Source data:
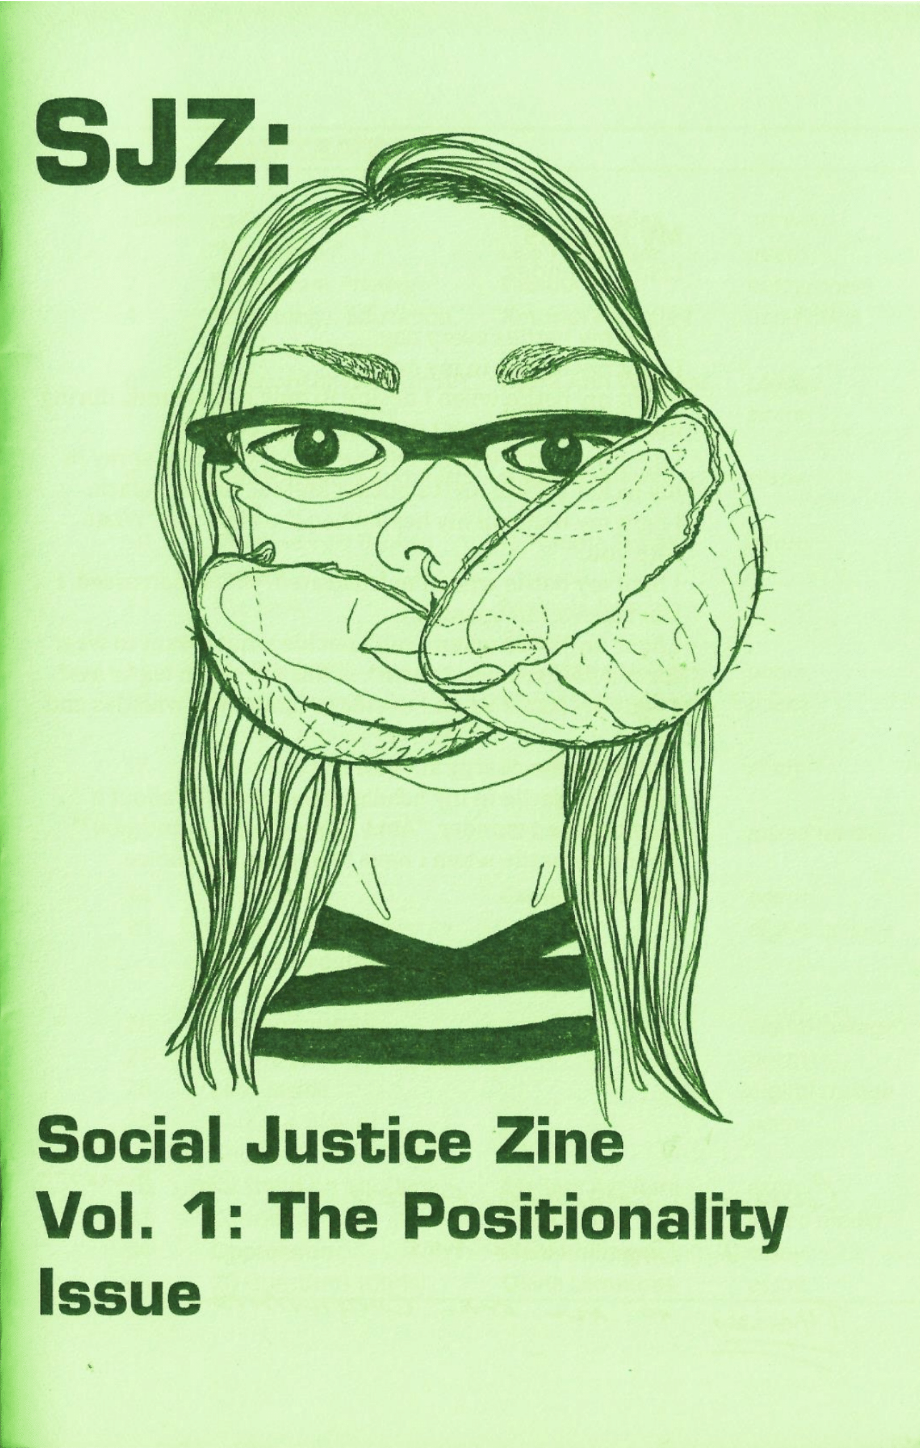 Cover of SJZ 1
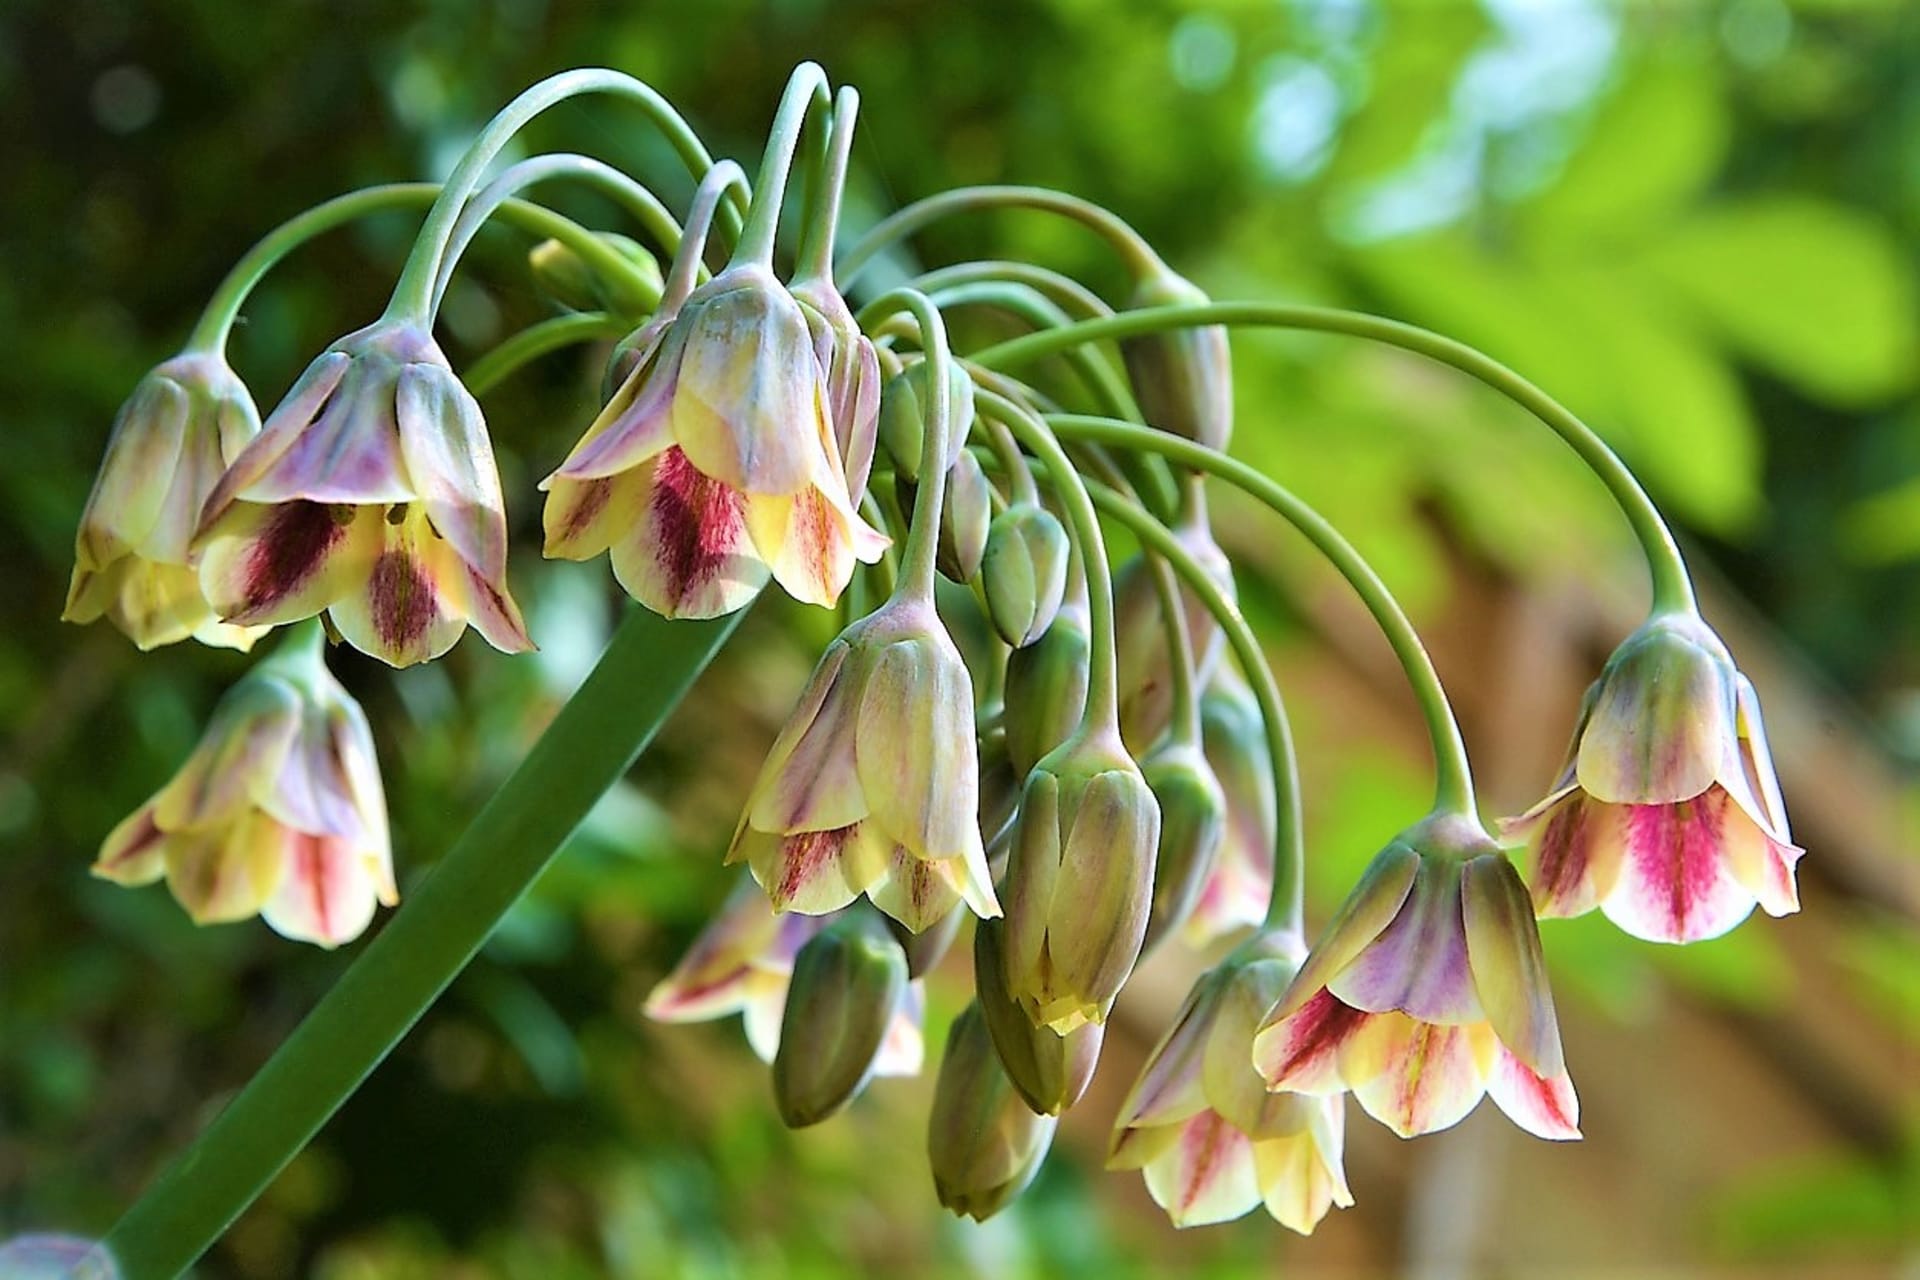 Atraktivní česnek sicilský (Nectaroscordum siculumči Allium siculum), známý taky jako středomořské zvonky, medový česnek nebo bulharská cibule.
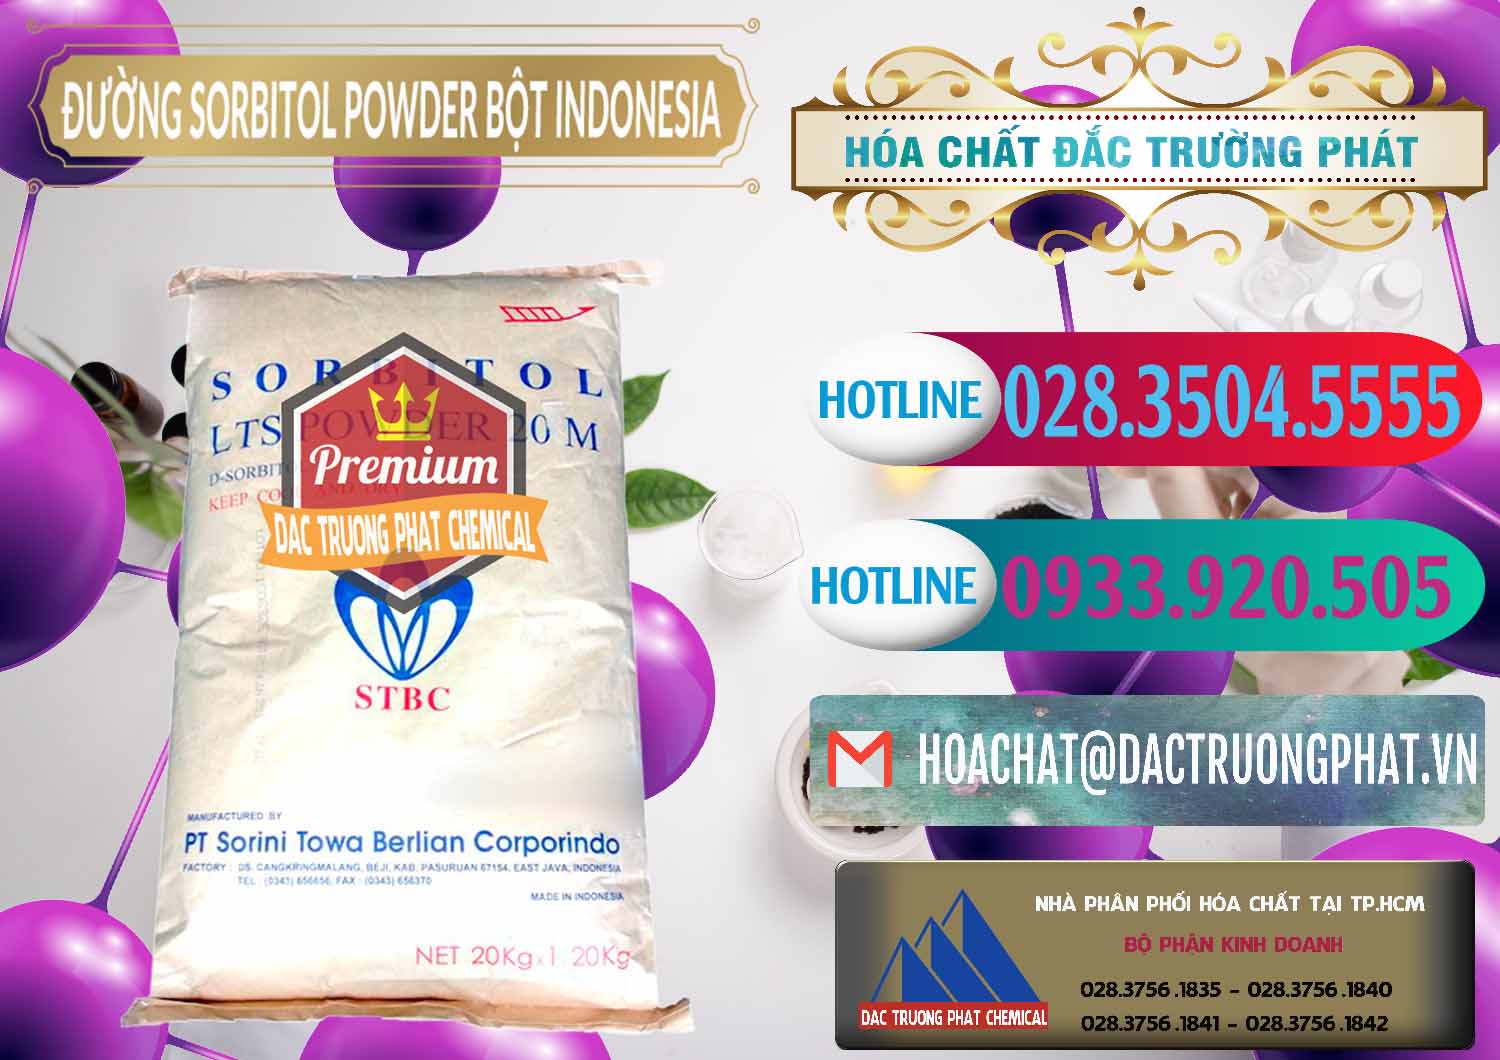 Cty chuyên nhập khẩu & bán D-Sorbitol Bột - C6H14O6 Food Grade Indonesia - 0320 - Nơi phân phối - cung cấp hóa chất tại TP.HCM - truongphat.vn

Assignment:
When you write out the material, reproduce each line exactly and omit any picture it holds.

Solution to this task:
 Cover of SJZ 1
 Atraktivní česnek sicilský (Nectaroscordum siculumči Allium siculum), známý taky jako středomořské zvonky, medový česnek nebo bulharská cibule.
 Cty chuyên nhập khẩu & bán D-Sorbitol Bột - C6H14O6 Food Grade Indonesia - 0320 - Nơi phân phối - cung cấp hóa chất tại TP.HCM - truongphat.vn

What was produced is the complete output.